Your task: Everything from the line holding "ZILLI Темно-синий шерстяной" to the end of the listing below should be copied exactly, line for line, minus the pictures.

Data provided:
────

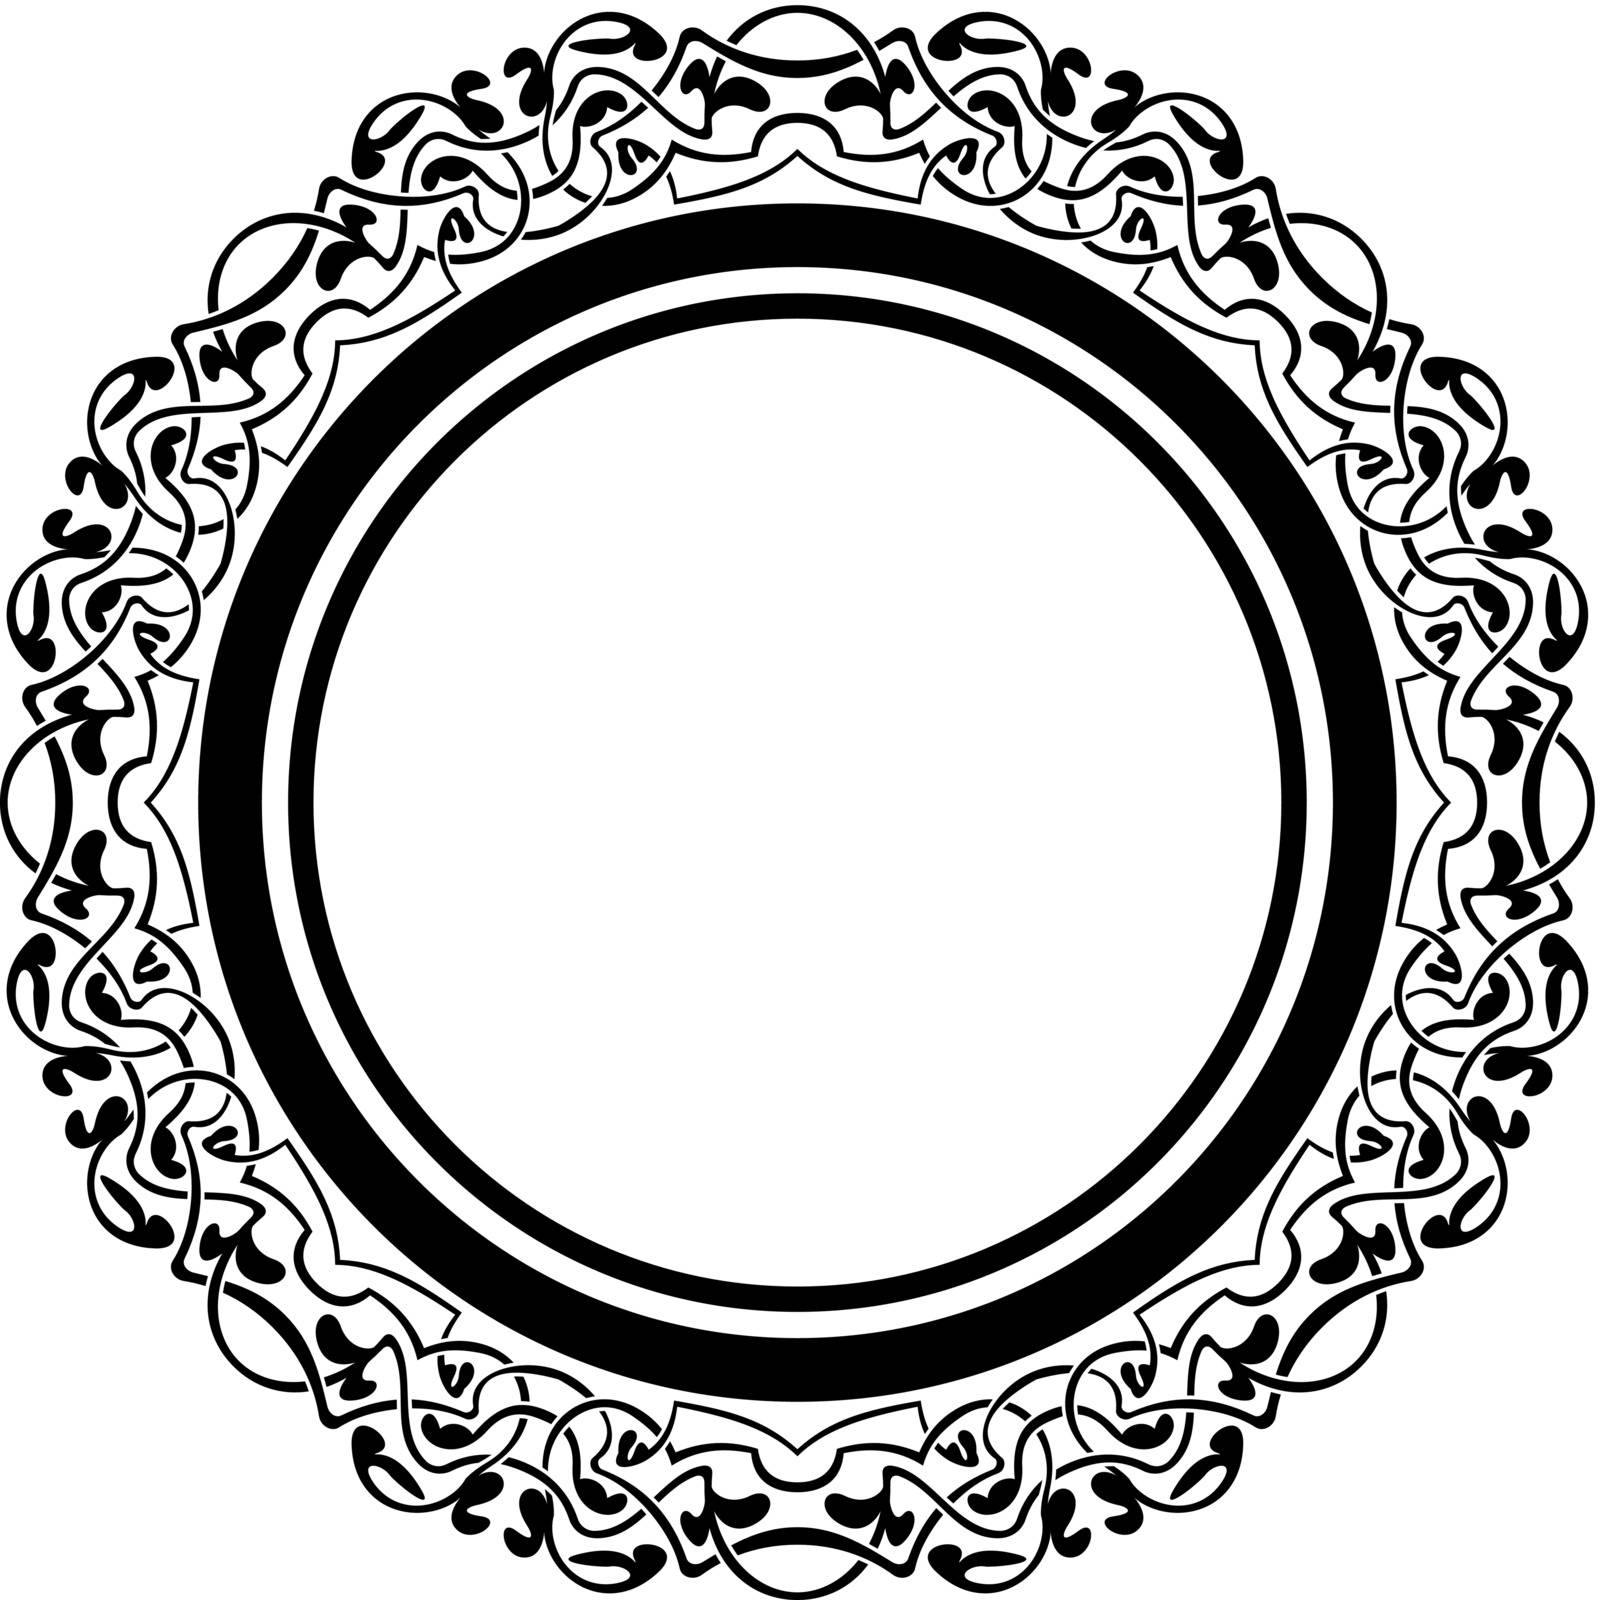 Black frame with ornamental border on white background
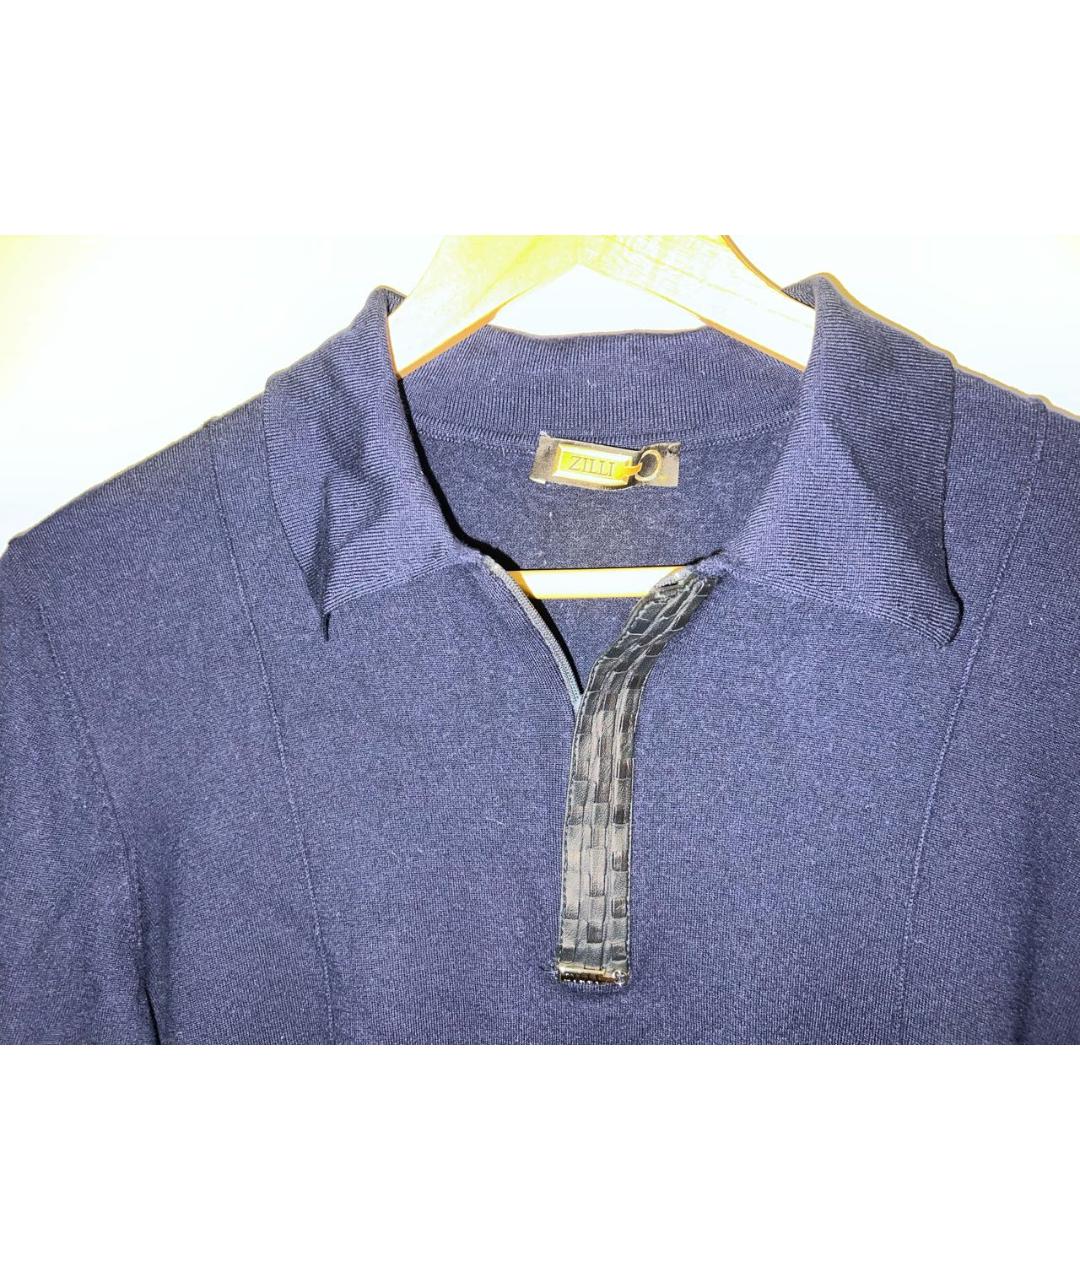 ZILLI Темно-синий шерстяной джемпер / свитер, фото 3
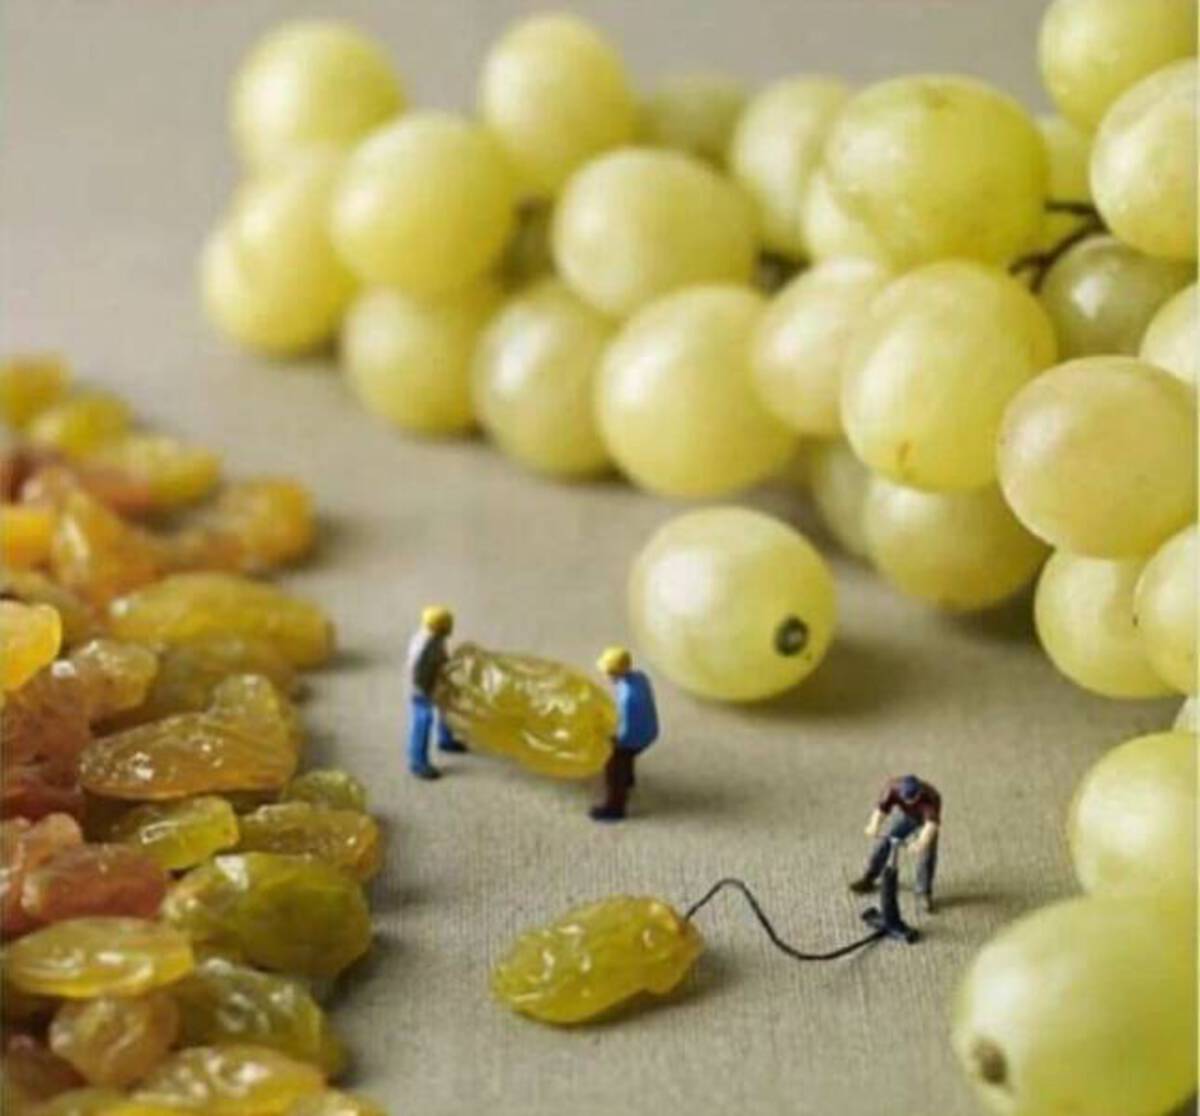 grapes made

────

Answer for this exercise:
 ZILLI Темно-синий шерстяной джемпер / свитер, фото 3
 grapes made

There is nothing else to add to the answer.